Let's start by performing the forward pass of the ANN.

We will start by creating variables to hold the values of the intermediate and final expressions

In [2]:
# Known variables
# Initialize variables to values in figure
x = 0.05
y = 0.01
w1 = 0.1
b1 = -0.1
w2 = 0.3
b2 = 0.3

# Unknown variables to be computed
i1 = ""
z1 = ""
a1 = ""
z2 = ""
a2 = ""
haty = ""
L = ""

Execute the table cell below to display table

In [3]:
updateTable1(x, y, w1, b1, w2, b2, i1, z1, a1, z2, a2, haty,L)

$x$,$y$,$w_1$,$b_1$,$i_1$,$z_1$,$a_1$,$w_2$,$b_2$,$z_2$,$a_2$,$\hat{y}$,"$L(w,b|x)$"
5,0.01,0.1,-0.1,,,,0.3,0.3,,,,


### Path of intermediate expressions

First, notice that $i_1 = x$ and $\hat{y} = a_2$.

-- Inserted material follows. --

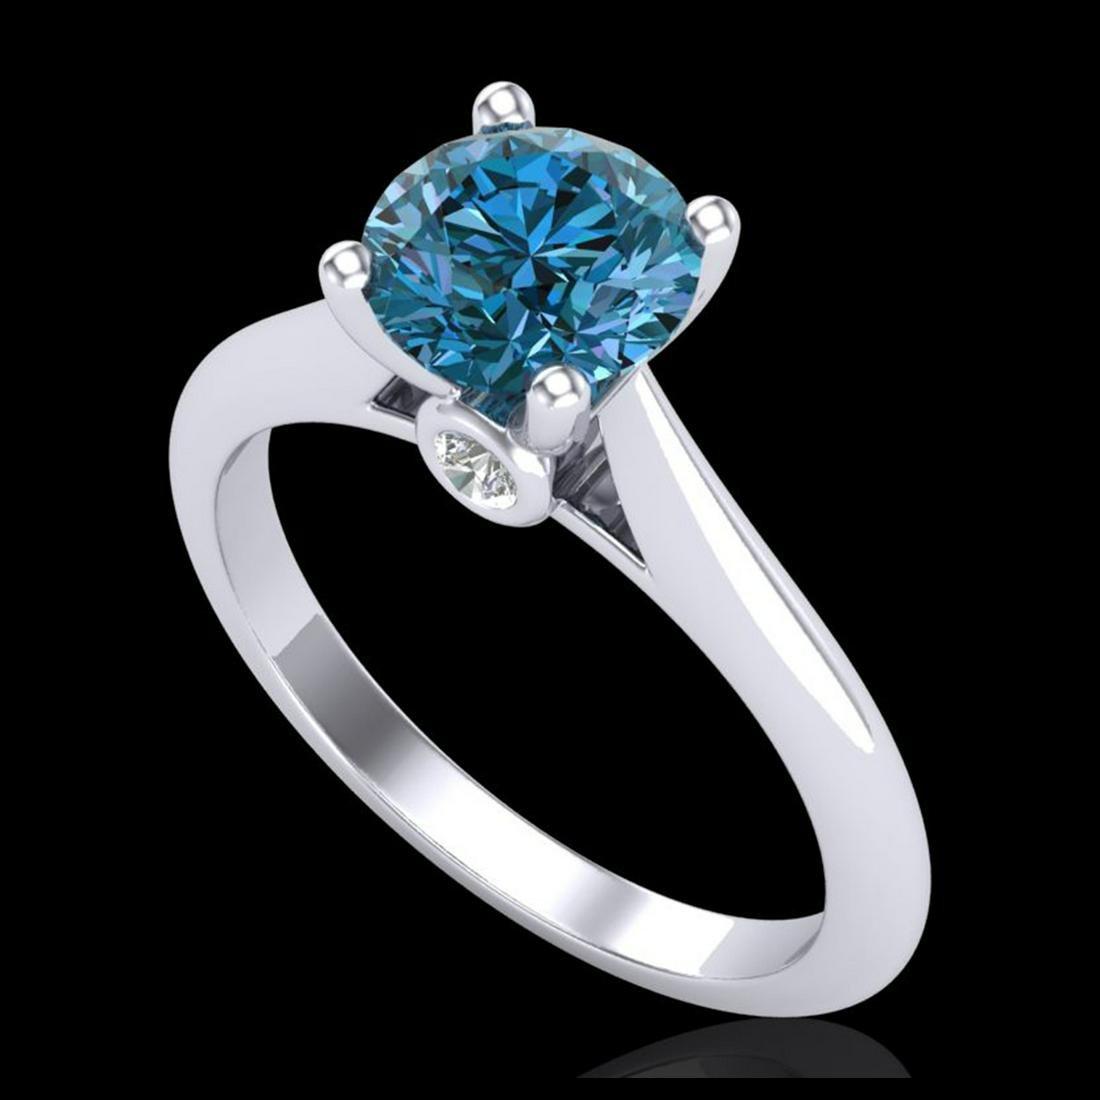 1.36 ctw Fancy Intense Blue Diamond Art Deco Ring 18K

The path of intermediate expressions from $x$ to $L(b,w|x)$ is:

$\begin{eqnarray}
z_1 &=&  w_1 i_1 + b_1\\
a_1 &=& \sigma(z_1) = \frac{1}{1+e^{-z_1}}\\
z_2 &=&  w_2 a_{1} + b_2\\
a_2 &=& \sigma(z_2) = \frac{1}{1+e^{-z_2}}\\
L(w,b|x) &=& \frac{1}{2}\left(y-\hat{y}\right)^2 = \frac{1}{2}\left(y-a_2\right)^2
\end{eqnarray}$

- Try to update the corresponding variables in the code cell below and see if you get the same table values as below
    - example: `z1 = w1 * i1 +b1` (remember to set `i1` first)
    - *hint!*: to compute $\sigma(z)$, use, e.g.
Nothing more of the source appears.